3.とある繁華街の居酒屋にて
――とある繁華街にて。
そう、先ほど、魔王の家来であるエアリーが自らの仕事をこなすために訪れた、あの繁華街だ。
その繁華街に規模はそんなに大きくはないけれども、お洒落で人気のある居酒屋があった。
そこでノアと呼ばれる20歳そこそこの青年と、その仲間たちが楽しそうに過ごしていた。
ノアの仲間たちは男女混合で5人ほど居て、彼らの年齢はノアとほとんど変わらないようにみえた。
黒髪ドレッドヘアに目鼻のくっきりした顔立ち、濃い目の化粧、褐色の肌、身体のラインがはっきりとわかる露出度の高い服装という個性的な容姿の、イケイケな雰囲気をまとった女性がピンク色のカクテルを手にしながらふと呟くように言った。
「……そういや思ったんだけどさ、この頃男同士のカップル増えた気がしない?」
すると、その女性の向かい側の席に座っていた、左眼に黒い眼帯を付けた男性が、「あ、それ俺も思った」と、女性の発言に対して同意をした。
すると、ふたりの共通の友人であると思われる茶髪ショートカットの女性が、
「この間夜中に公園に行ったら、男同士でキスしてたよ」と、会話に混ざってきた。
すぐ傍に座っていた黒髪三つ編み黒縁眼鏡の女性が、かすかに頬を染め、周囲に聞こえるか聞こえないかくらいの声量でぼそっと呟いた。
「男同士で……キス……」
「うげっ、マジかよ」
黒い眼帯を付けた男性の隣に座っていた、金髪碧眼の男性が、茶髪ショートカットの女性の発言にドン引きしていた。

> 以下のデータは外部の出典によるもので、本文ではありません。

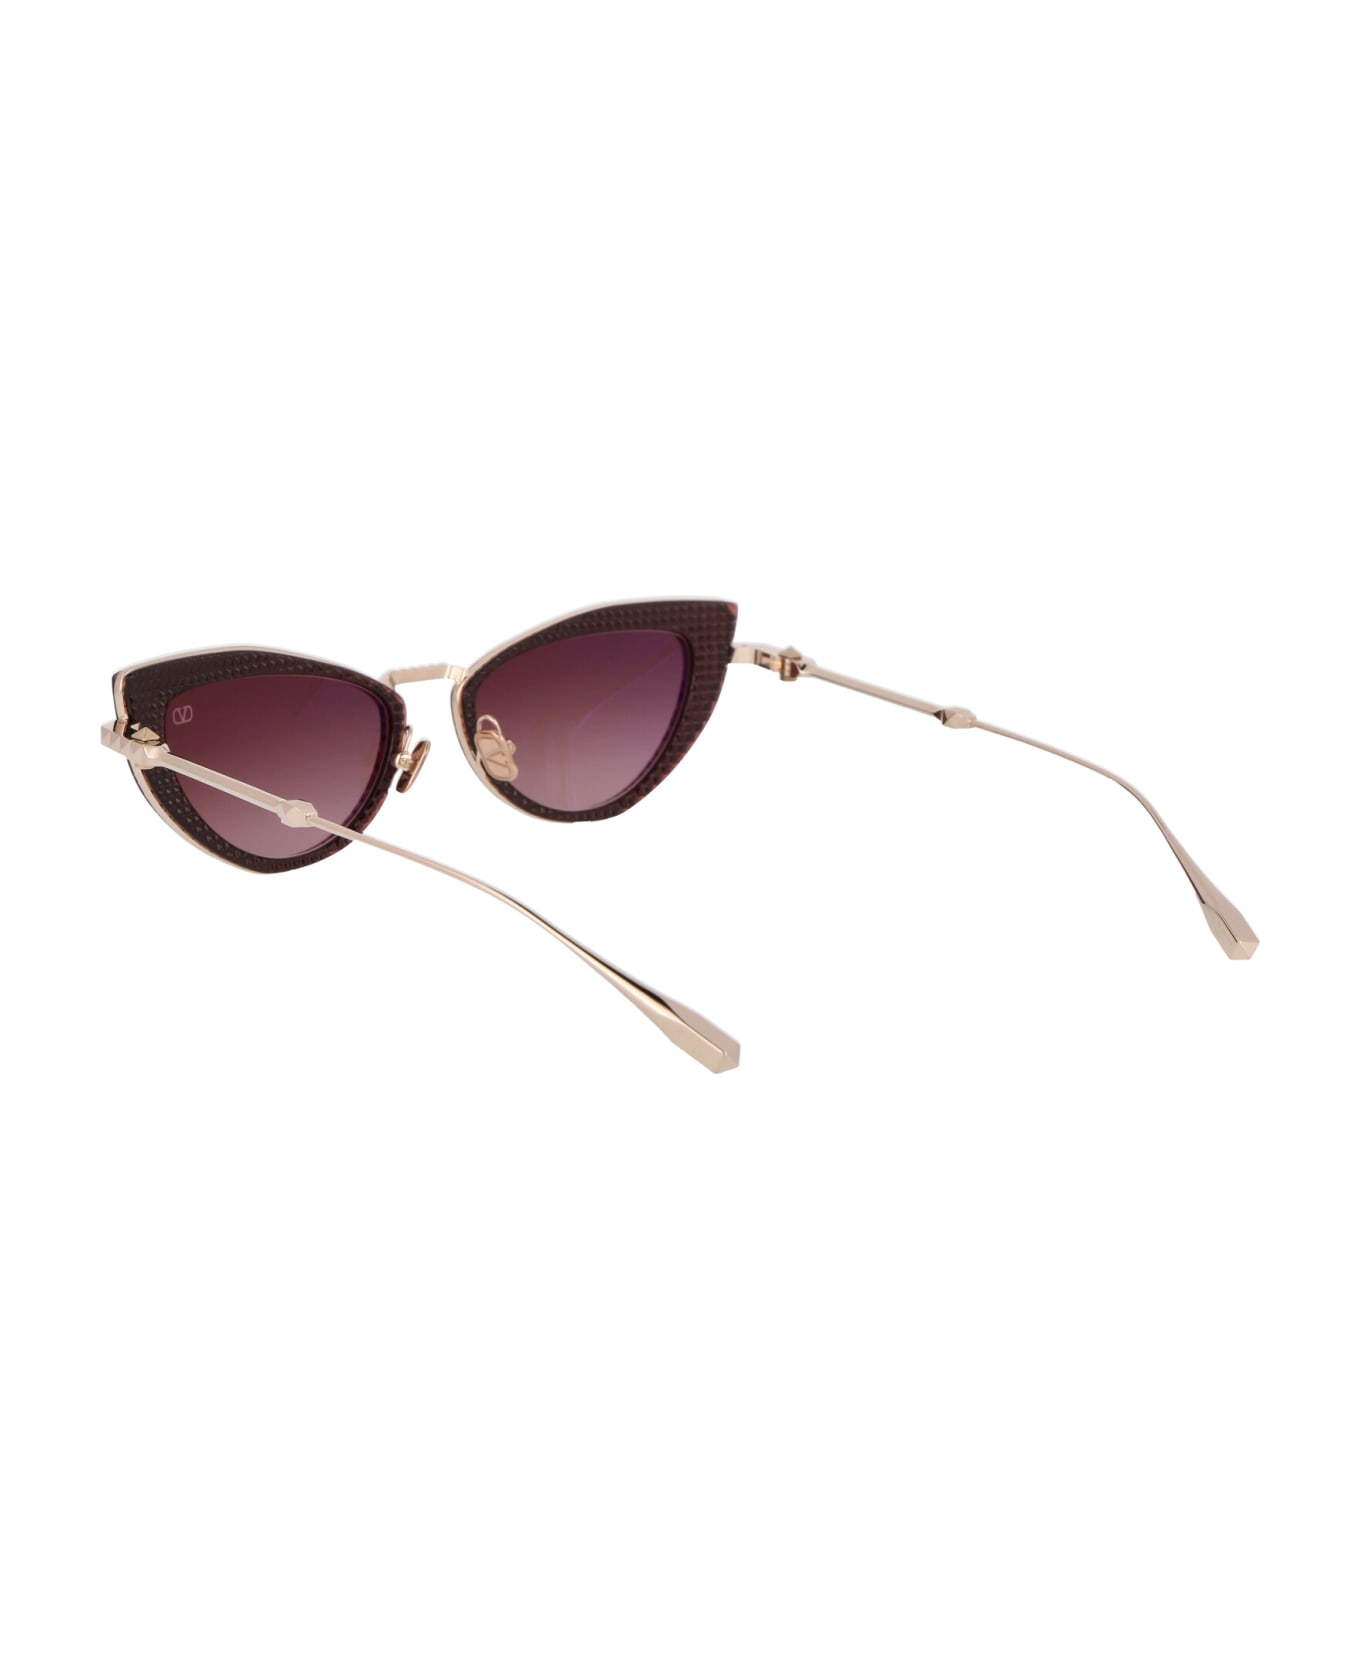 Valentino Eyewear Viii Sunglasses - WHITE GOLD CRYSTAL BORDEAUX W/ DARK ROSE TO LIGHT ROSE GRADIENT

「男同士のキスなんて、想像しただけで砂吐きそう……おえー」
「ちょっ、大丈夫!?」
黒髪ドレッドヘアの女性が心配そうに声をかける。
「お、おう、なんとか大丈夫だ」
「そっか、それなら良いんだけど」
「男同士でなんて、ありえないよな~ なぁ、ノア?」
金髪碧眼の男性は、一番端の席に座っていたノアという、銀髪緑眼の青年に話を振った。
「!?……お、おう……」
いきなり話を振られて戸惑ったノアは、話の内容をほとんど理解できていなかったものの、とりあえずの返事をした。というのも、彼は仲間たちとの会話よりも、居酒屋での美味しい食事を楽しむことに夢中になっていたからだ。
枝豆に冷奴、白和えに焼き鳥、たこわさにフライドポテト、塩キャベツ……。
ノアはお酒自体はあまり好きではないのか殆ど飲まなかったが、いわゆる“酒のつまみ”と称される料理はたらふく食べていた。
「それにしてもここの料理は相変わらずどれも旨いな。特にこの焼き鳥、最高だぜ!」
満足そうに焼き鳥を味わうノアに、金髪碧眼の男性はやや呆れた様子で「それにしてもお前、ほんとによく食うよな」と言った。
するとすかさず、黒髪ドレッドヘアの女性が口を開いた。
「そのわりにはノア、体型全然変わってなくない? 羨ましいわ」
黒髪三つ編み黒縁眼鏡の女性はまたしても周囲に聞こえるか聞こえないかくらいの声量で呟くのだった。
「うらやま……しい……」
彼女の声が聞こえているのか聞こえていないのかわからないが、周囲の人々は誰ひとりとして彼女の言葉に反応することはなかった。
「あーしこの頃彼氏に痩せろって言われてんだけどー 何かコツとかあんの?」
黒髪ドレッドヘアの女性の問いかけに、茶髪ショートカットの女性は頭を悩ませた。
「うーん……コツねぇ……」
「好きなものたらふく食べても綺麗に痩せられる方法あればいいんだけどな」
茶髪ショートカットの女性が何かを言いかけたその時――。
「ターゲット発見! なの~!」
どこからともなく現れたのは、魔王の家来であるエアリーだった。